Created on 08-22-2016 12:46 PM - edited 08-19-2019 04:08 AM
Hi all,
In reference to a post https://community.hortonworks.com/questions/52015/fetch-file-from-the-ncm-of-a-nifi-cluster.html
according to what @Simon Elliston Ball have explained, I have simulated the scenario in my native cluster. I have three nodes, among which Node 1 is configured as an NCM and rest two are primary and secondary slaves added in simple Master-Slave mode. Now, against a shared directory location, I have used a ListFile Processor and then fed the flow files site-to-site back to the same cluster by using input ports to load-balance a FetchFile processor followed by remaining flow.

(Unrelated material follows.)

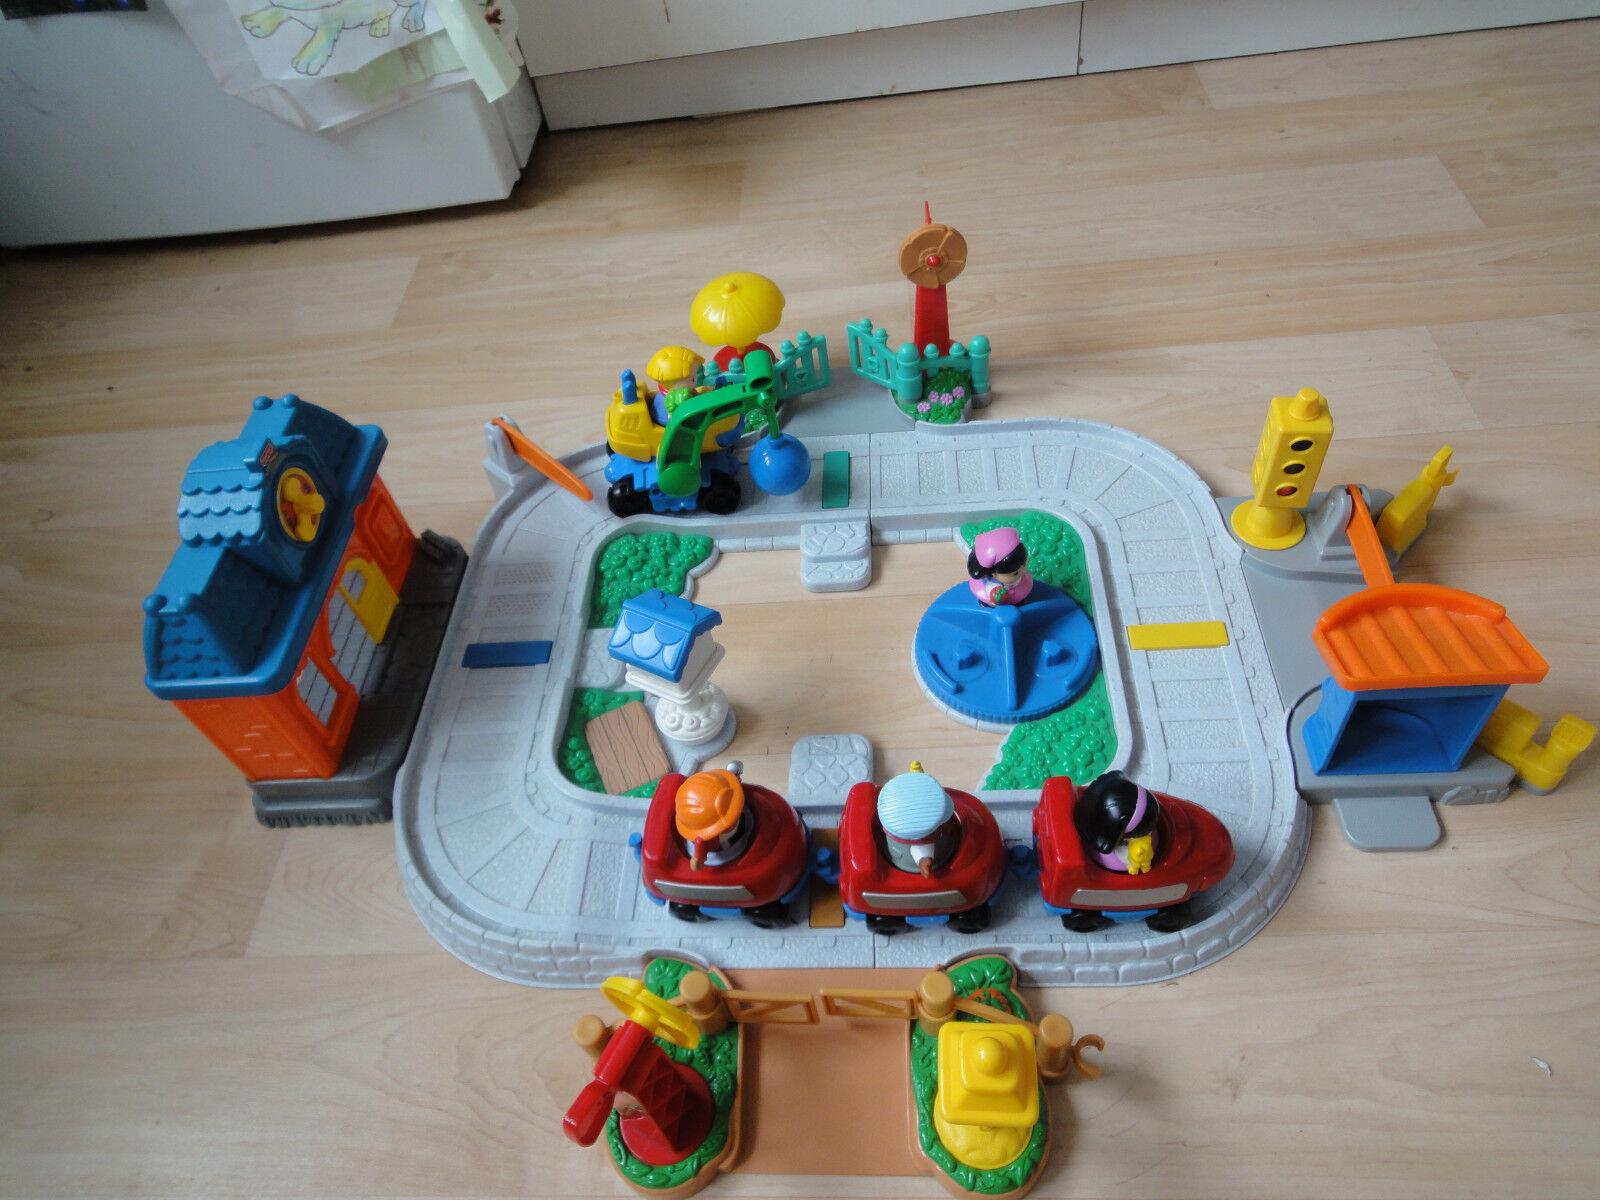 Fisher Price Little People geräusche Eisenbahn Zug mit Bagger

I have attached a .png file for reference.
Q. 1 Can anyone please confirm if the mentioned model should work correctly in terms of processing the load in a node-distributed fashion?
Q. 2 Is the above model will hold preferable if the origin directory location cant be shared by a business restriction and it will only reside in primary node? What could be the desired site-to-site model then?
Attached Image :
Created 08-22-2016 01:59 PM
This is the correct setup... you would likely want to schedule ListFile to run on Primary Node only, this is an option on the scheduling tab of the processors. That would take care of the problem when the directory is not a shared location, but even when it is shared, you still probably want Primary Node only because you don't want two instances of ListFile retrieving the same files.
Created 08-22-2016 01:59 PM
This is the correct setup... you would likely want to schedule ListFile to run on Primary Node only, this is an option on the scheduling tab of the processors. That would take care of the problem when the directory is not a shared location, but even when it is shared, you still probably want Primary Node only because you don't want two instances of ListFile retrieving the same files.
Created 08-23-2016 01:06 PM
Thanks for the confirmation @Bryan Bende, Like you said , if the source directory is not meant to be a shared location, then it always should be on Primary Node. So, I tried the same with the ListFile Processor, I changed the source directory to a path : which is not a shared location, and also in Scheduling Information, I have prompted it to run on "Primary node only". The problem is that its throwing an error of the like "Cant find path", meaning its not being able to locate where the file is in the primary node. Surprisingly if i take that the next FetchFile processor out of the Process Group ( and out of Load balanced mode ) and put in succession to the ListFile, the error stops popping up. Which also means that FetchFile will no longer work in distributed mode.
Is it the expected behavior or am i missing something?
Created 08-23-2016 01:14 PM
Ah right, I'm used to setting this up with ListHDFS + FetchHDFS which is different because its a shared resource... You are right that it is not going to work correctly when it is not a shared location because another node can't fetch a file that is only on primary node. Sorry about the confusion.